* Task details:
Without changing a thing, reproduce the entire listing and leave out its pictures.

* Recorded information:

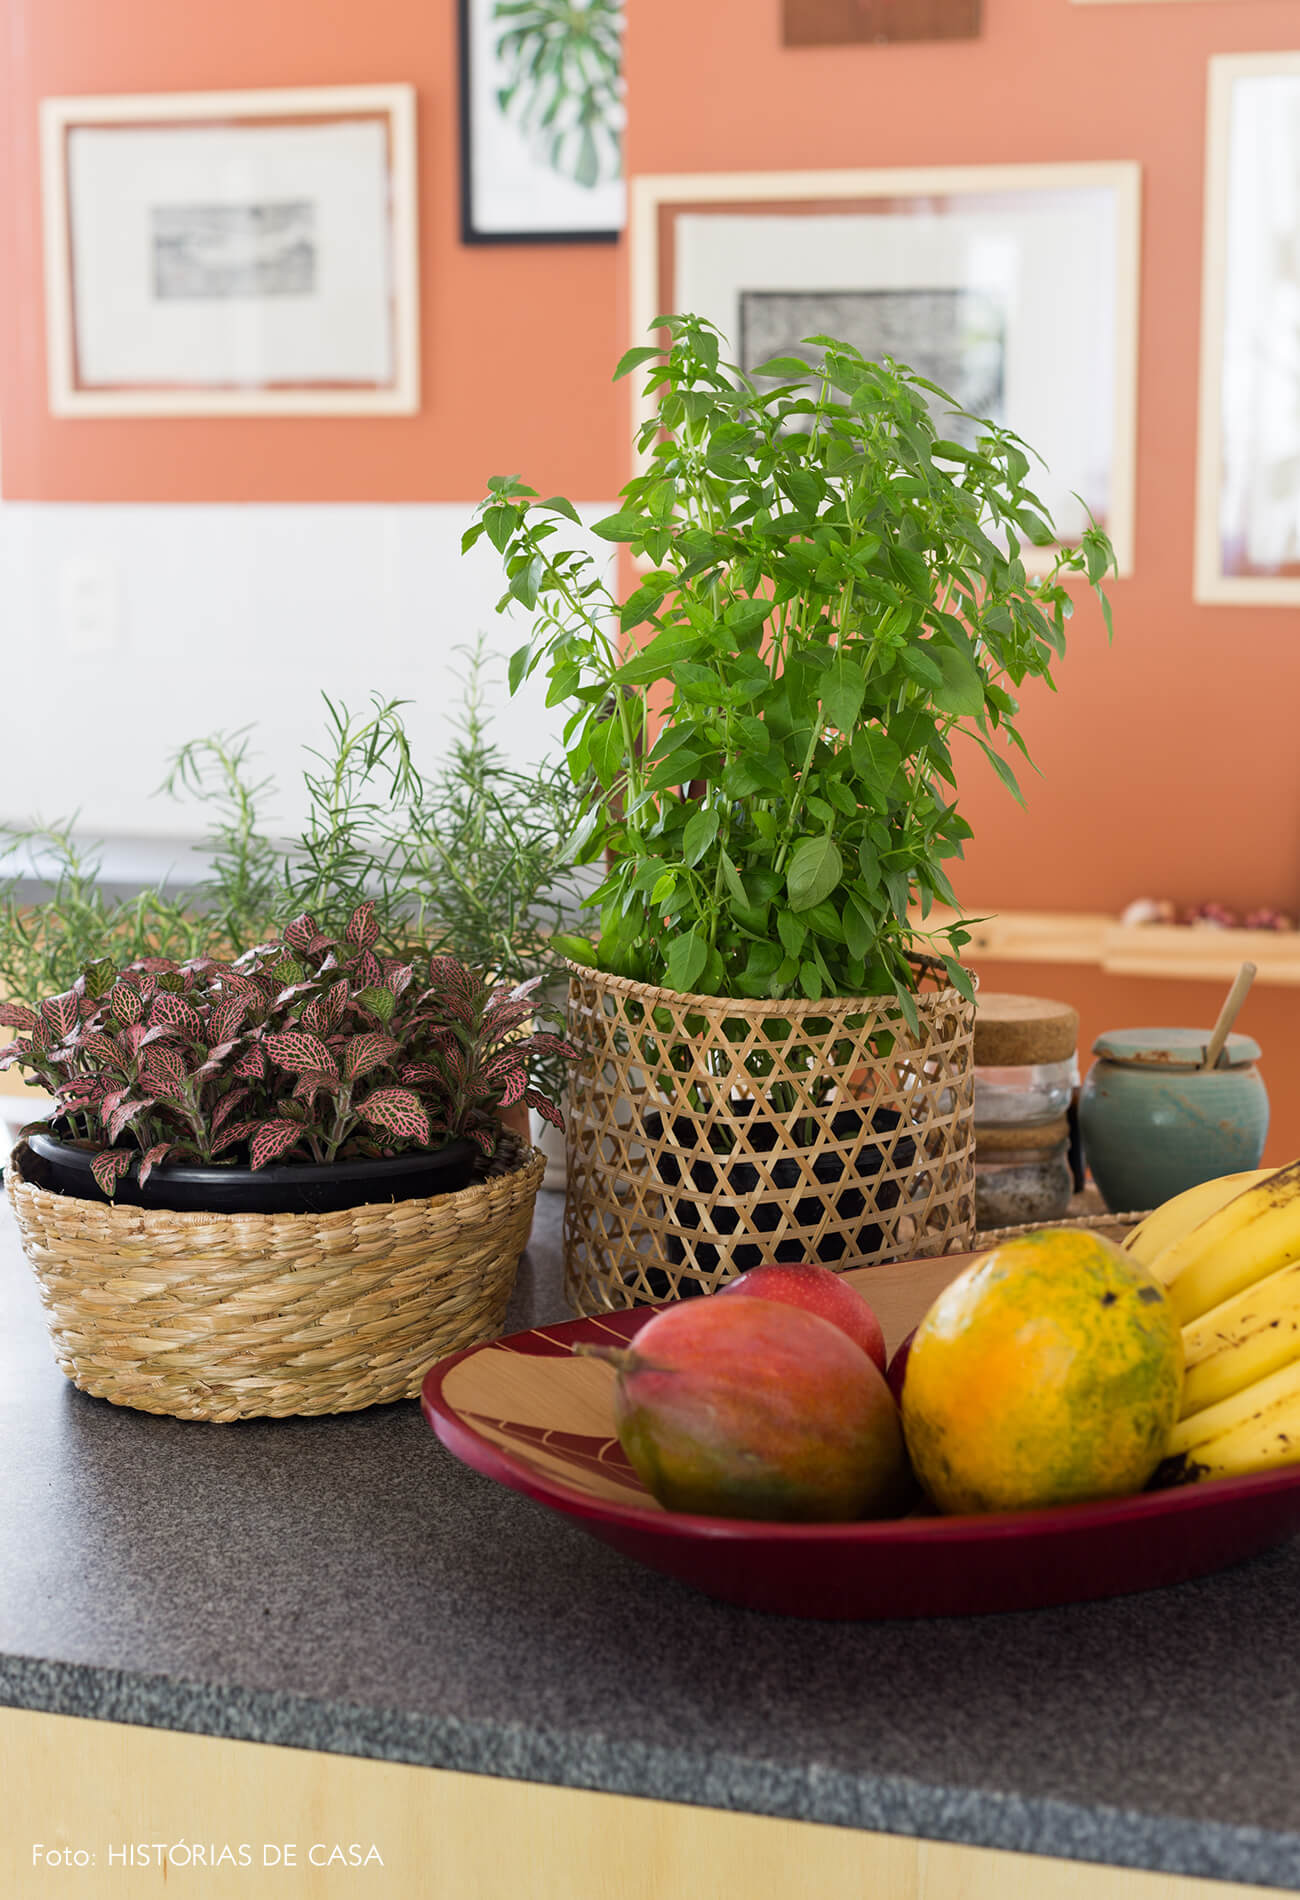 decoração cozinha com temperos e plantas em cestos
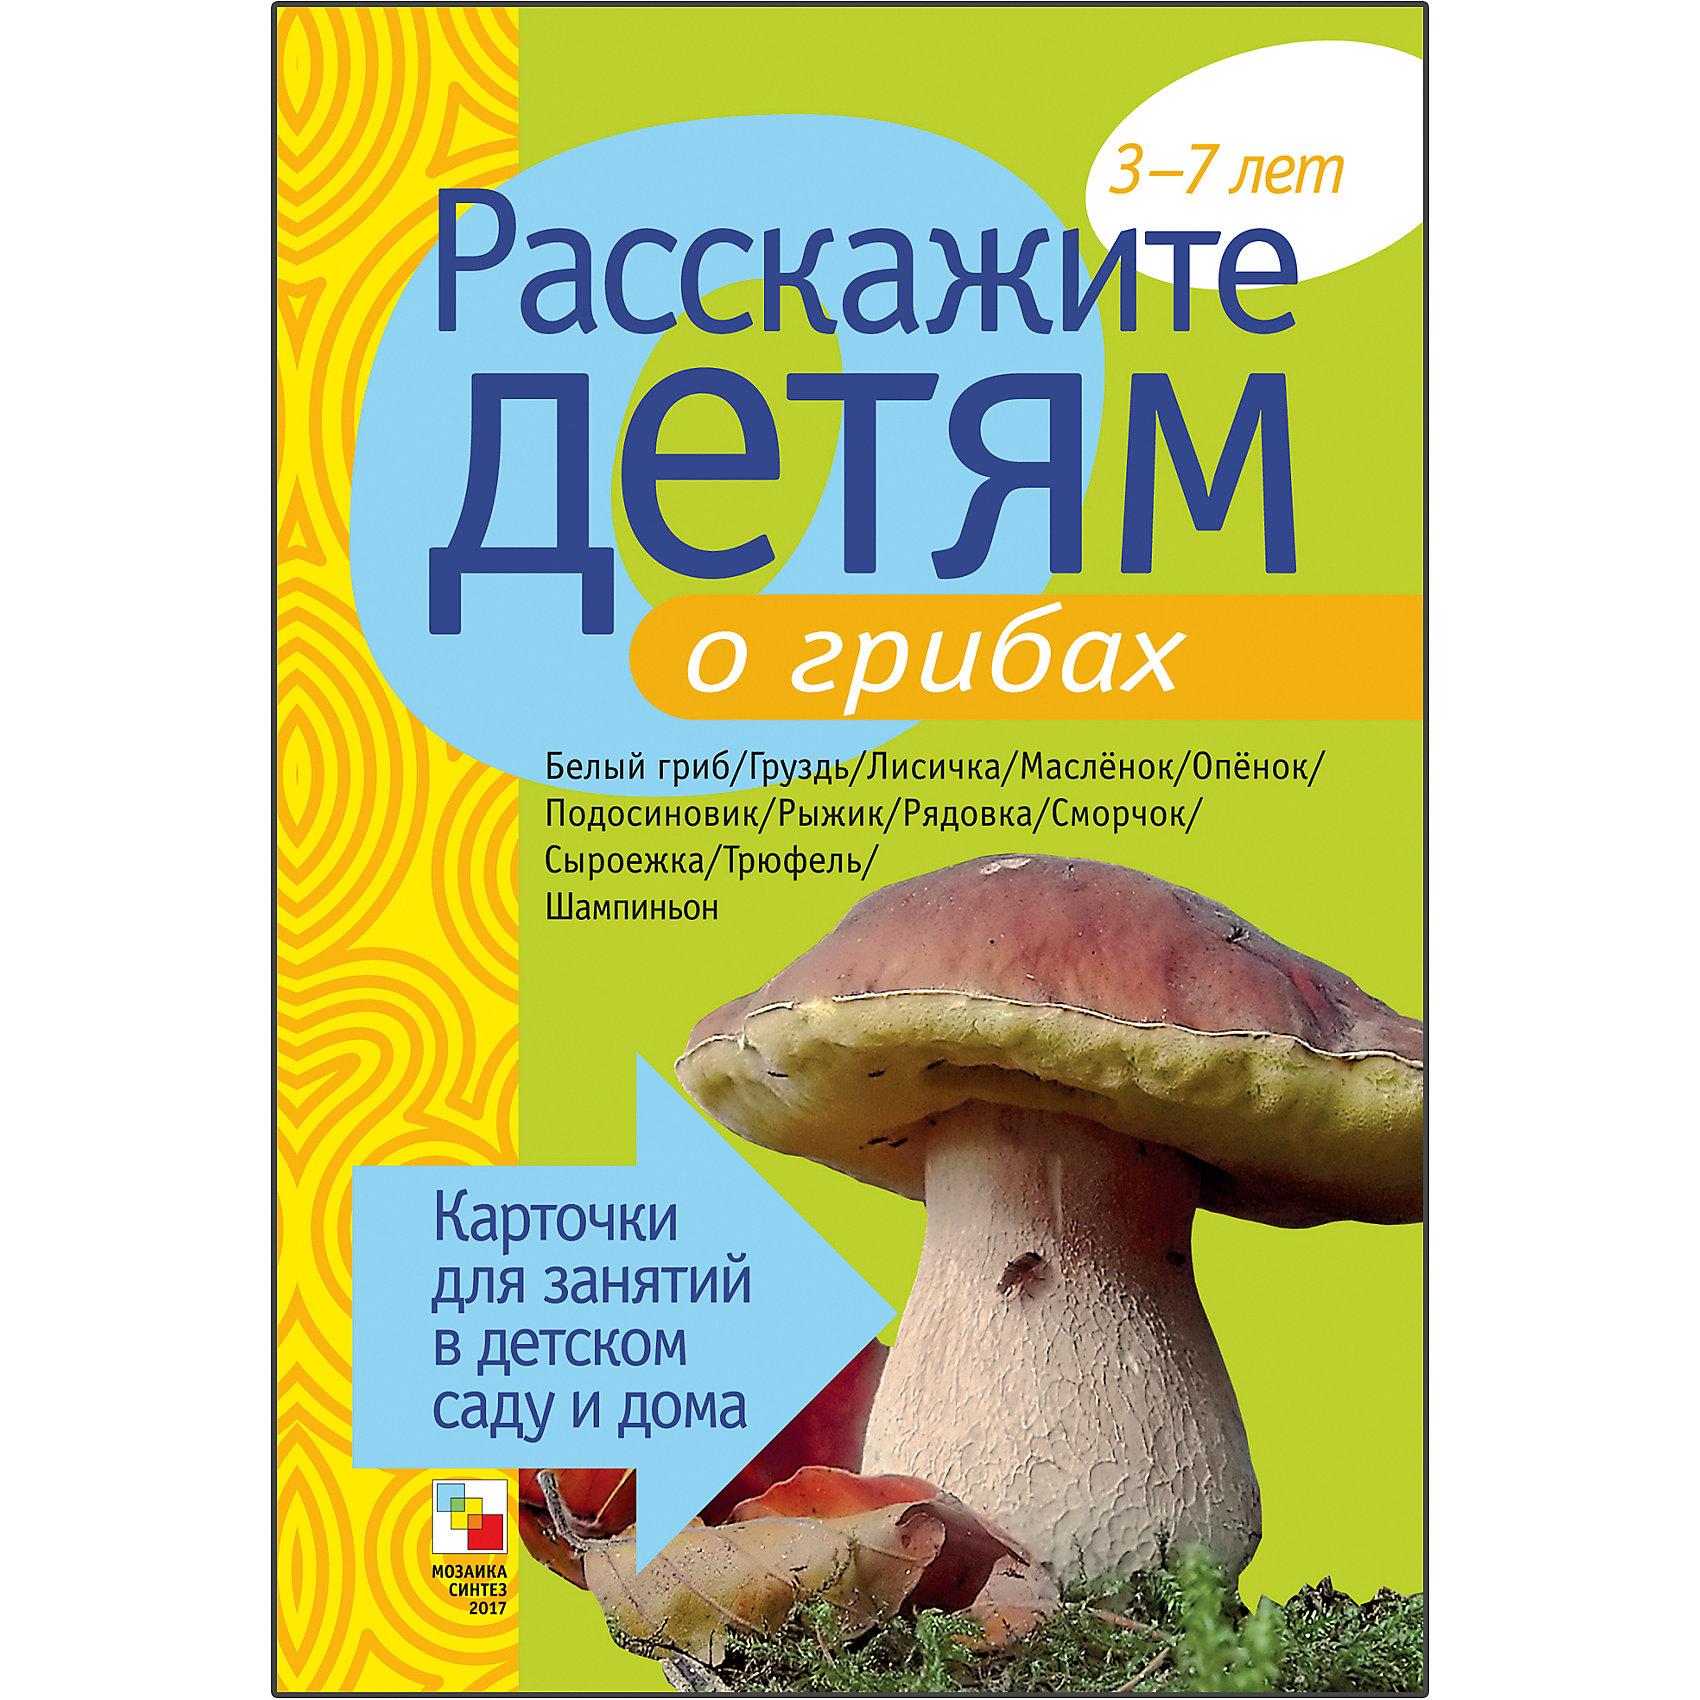 Карточки Расскажите детям о грибах, Мозаика-СинтезРазвивающие игры<br>Пособие Расскажите детям о грибах, Мозаика-Синтез<br><br>Характеристики:<br><br>• Издательство: МОЗАИКА-СИНТЕЗ<br>• ISBN: 9785867758103<br>• Тип: папка с карточками, обложка твердая.<br>• Возраст: от 3-7 лет.<br>• Размер книги: 210х150х5 мм.<br>• Количество страниц: 24<br><br>Пособие с яркими четкими картинками поможет Вам рассказать малышам о грибах. Они узнают много нового и интересного о белых, сыроежках, лисичках, груздях, трюфелях и о многих других. На оборотной стороне карточек содержатся необходимые сведения, стихи, поговорки и загадки о них. Эта информация поможет сделать ваш рассказ увлекательным и познавательным для каждого малыша.<br><br>Пособие Расскажите детям о грибах, Мозаика-Синтез, можно купить в нашем интернет – магазине.<br><br>Ширина мм: 5<br>Глубина мм: 150<br>Высота мм: 210<br>Вес г: 114<br>Возраст от месяцев: 36<br>Возраст до месяцев: 84<br>Пол: Унисекс<br>Возраст: Детский<br>SKU: 5428909
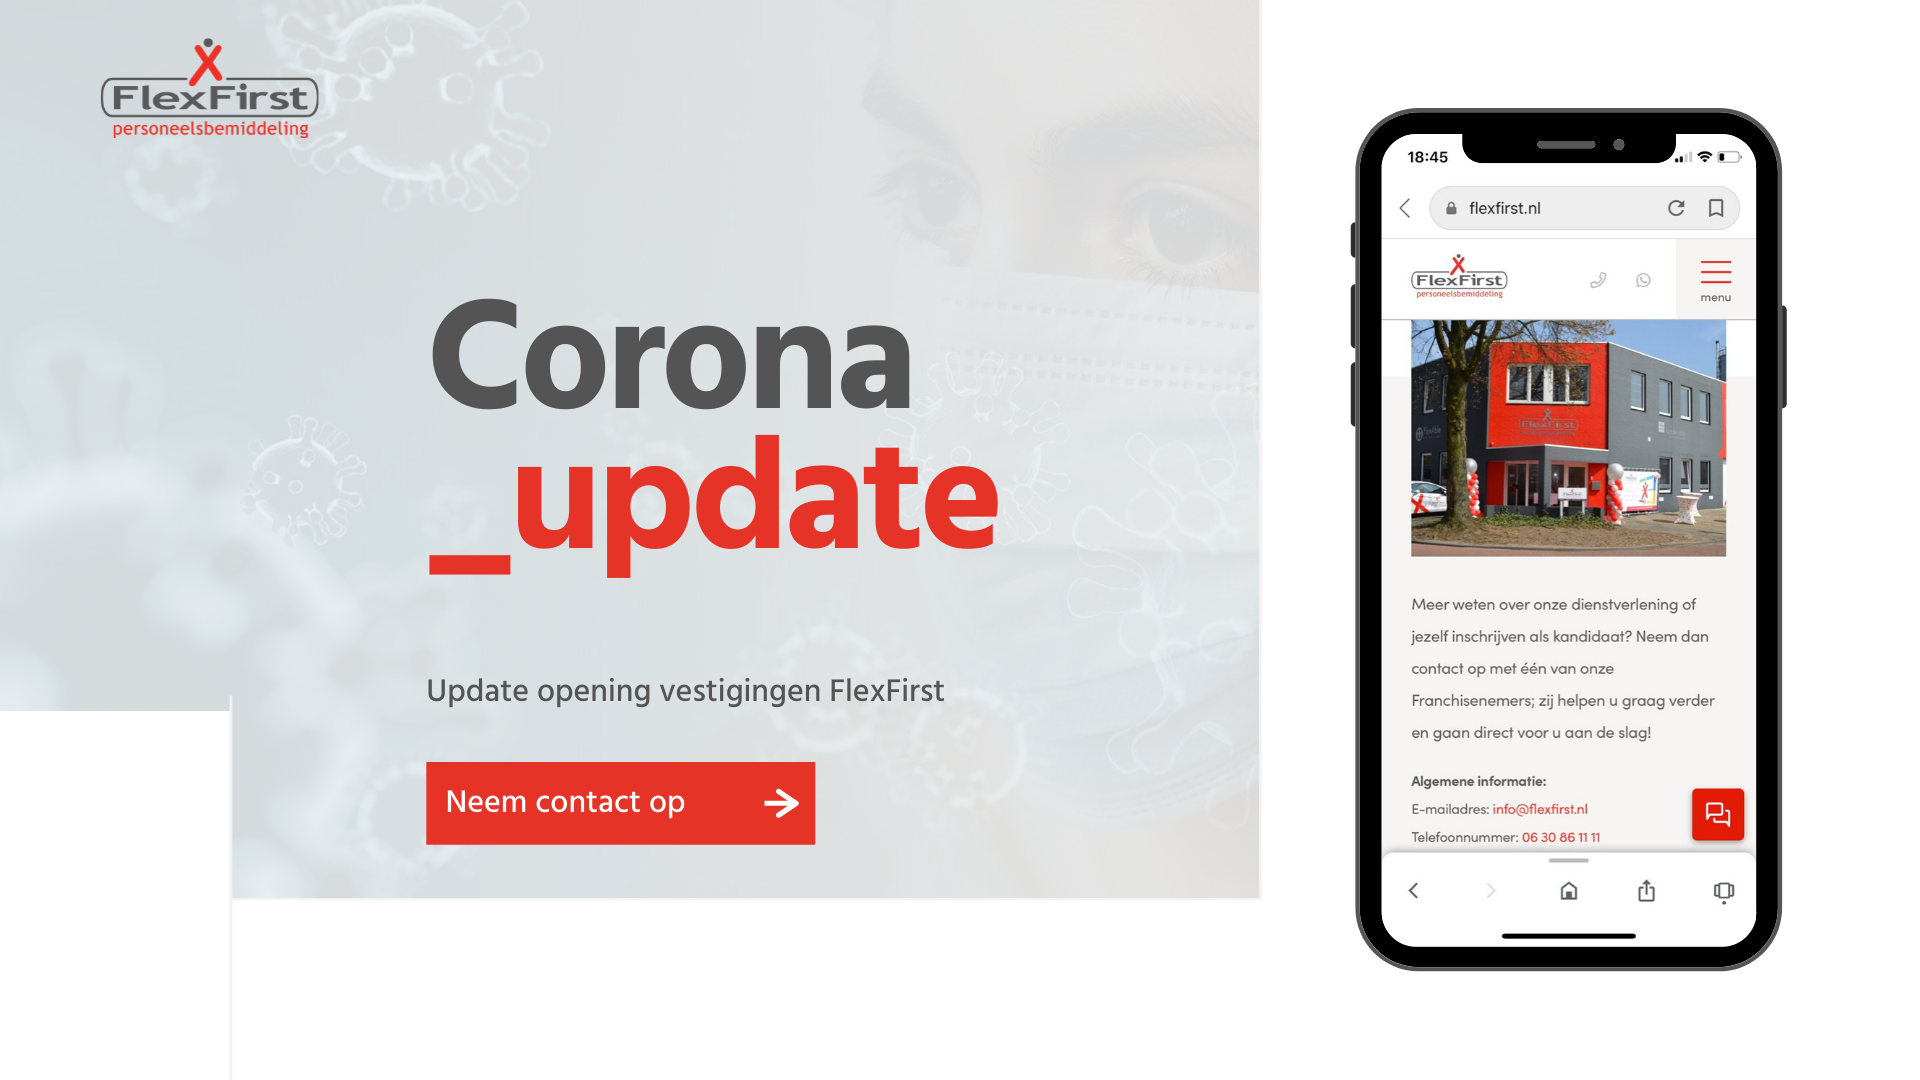 Update over opening van FlexFirst vestigingen tijdens Corona virus

* Output for this task:
 decoração cozinha com temperos e plantas em cestos
 Карточки Расскажите детям о грибах, Мозаика-СинтезРазвивающие игры<br>Пособие Расскажите детям о грибах, Мозаика-Синтез<br><br>Характеристики:<br><br>• Издательство: МОЗАИКА-СИНТЕЗ<br>• ISBN: 9785867758103<br>• Тип: папка с карточками, обложка твердая.<br>• Возраст: от 3-7 лет.<br>• Размер книги: 210х150х5 мм.<br>• Количество страниц: 24<br><br>Пособие с яркими четкими картинками поможет Вам рассказать малышам о грибах. Они узнают много нового и интересного о белых, сыроежках, лисичках, груздях, трюфелях и о многих других. На оборотной стороне карточек содержатся необходимые сведения, стихи, поговорки и загадки о них. Эта информация поможет сделать ваш рассказ увлекательным и познавательным для каждого малыша.<br><br>Пособие Расскажите детям о грибах, Мозаика-Синтез, можно купить в нашем интернет – магазине.<br><br>Ширина мм: 5<br>Глубина мм: 150<br>Высота мм: 210<br>Вес г: 114<br>Возраст от месяцев: 36<br>Возраст до месяцев: 84<br>Пол: Унисекс<br>Возраст: Детский<br>SKU: 5428909
 Update over opening van FlexFirst vestigingen tijdens Corona virus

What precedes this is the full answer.